Want to learn useful nonlinear representations of your tabular data? Don't have time to mess with autoencoders? This library aims to simplify your life.

Currently under development.

Installation

We highly recommend using a virtual environment to install! This software has only been tested using python 3.6.

The bare-bones requirements are installed automatically by pip. You may also want to install jupyter and matplotlib to run notebooks and the ipynb logger, but these are not requirements to install.

Install using:

pip install dfencoder



Or, you can get the latest version by cloning this repository and installing from the home directory:

pip install .



Usage

Thorough documntation is still being written, but the demo notebook is available to show some of the features of this library.

Running the tests

The adult.csv dataset is used in the testing script. Make sure the file (found in the root of this repo) is in the same directory as test.py when you run the script.

Contributing

Contributors are welcomed! Please reach out with PRs.

Feature Requests and Bugs

We'd like to release a stable version soon, so in the meantime please submit feature requests and bug reports on this repository's issues page.
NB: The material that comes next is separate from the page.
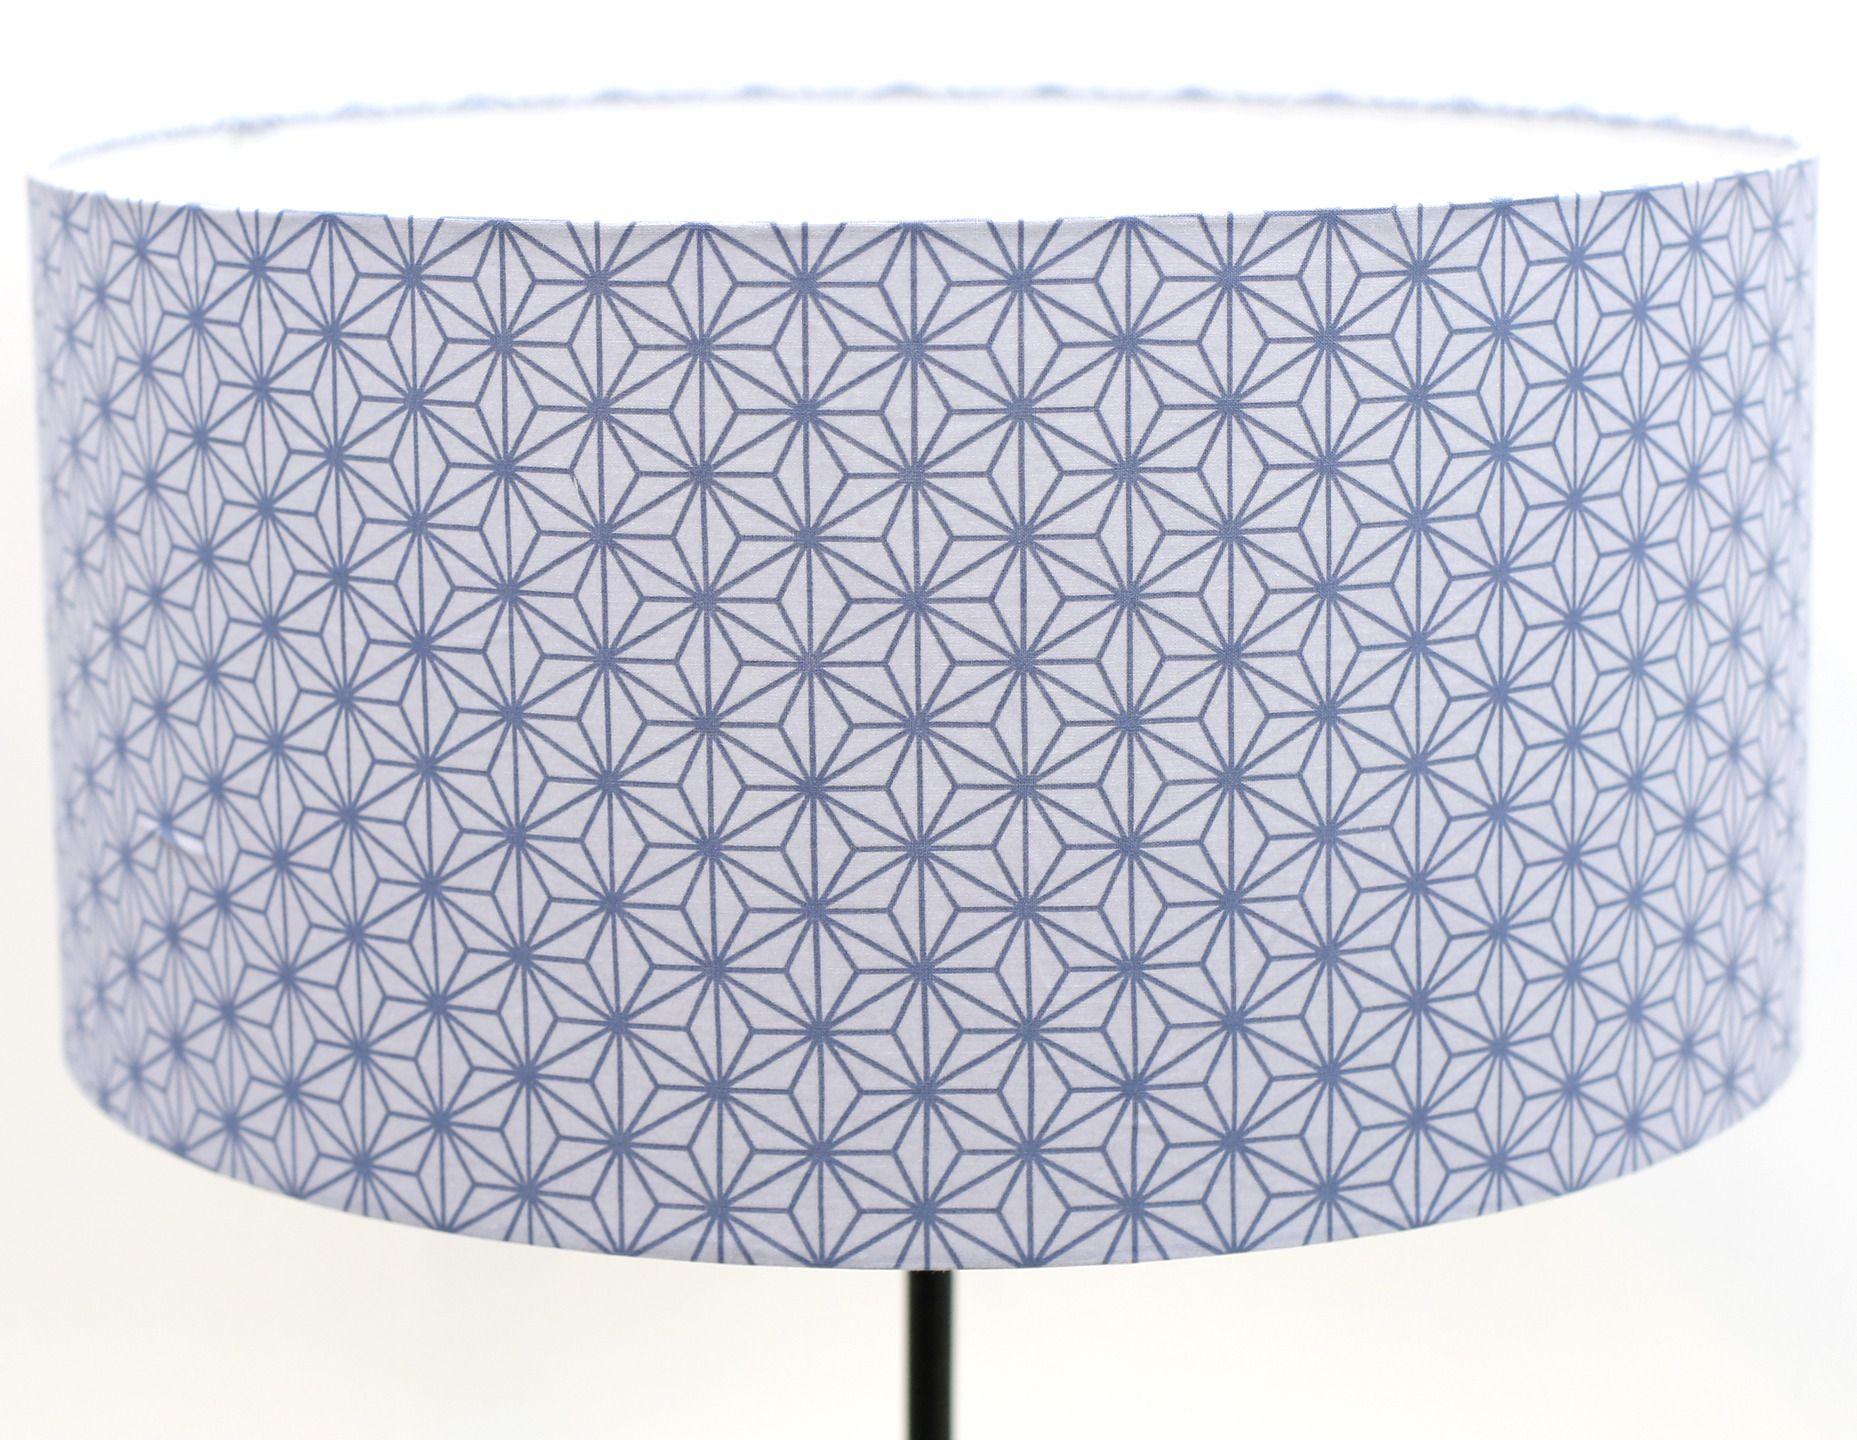 Abat jour ˜35 hauteur 20cm en tissu bleu motifs géométriques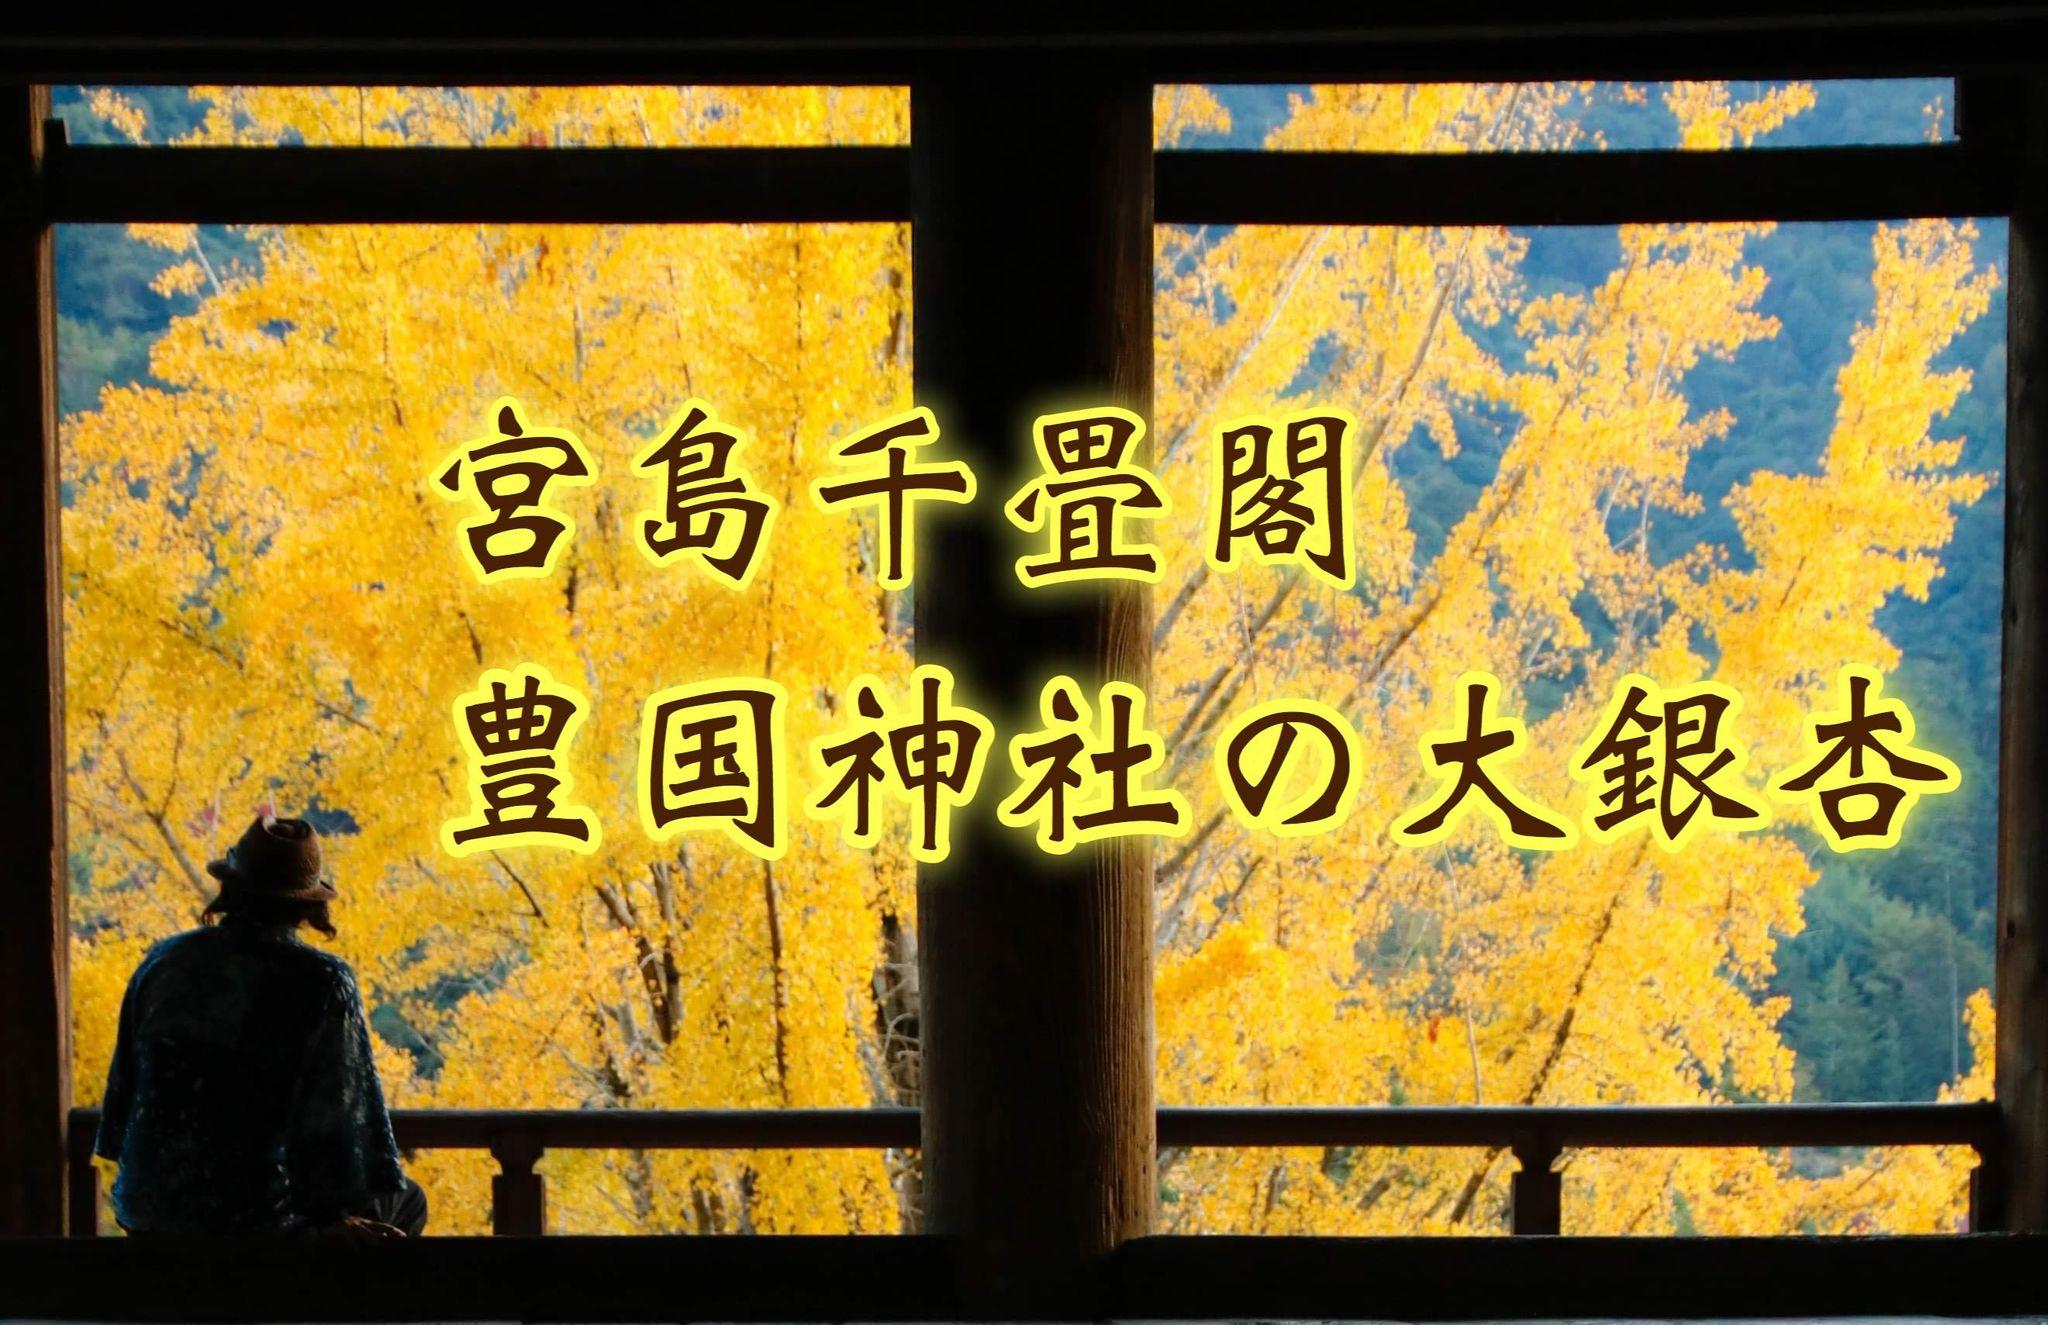 【千畳閣のイチョウ】秋の宮島豊国神社で大銀杏が映える!!/広島県廿日市市

Thanks for your interest in this project!

Dataframe Encoding

dfencoder does some manipulation to encode features to feed into the feed-forward MLP. This HLD hopefully clears up how this looks. HLD for how inputs are encoded by dfencoder

Features

This library is a personal project so progress is slow. The latest release as of this writing is v0.0.37 which introduces "inference mode" that optimizes inference for single records, on json inputs.

Previous Releases:

v0.0.36 which introduces handling for timestamp data; will use cyclical encoding to encode time of day, day of week, day of month, day of year, as well as the raw timestamp scaled as a numeric feature to encode raw linear time.

Pre-process your timestamp columns by using pandas: pd.to_datetime() so dfencoder can infer the datatype and handle it accordingly.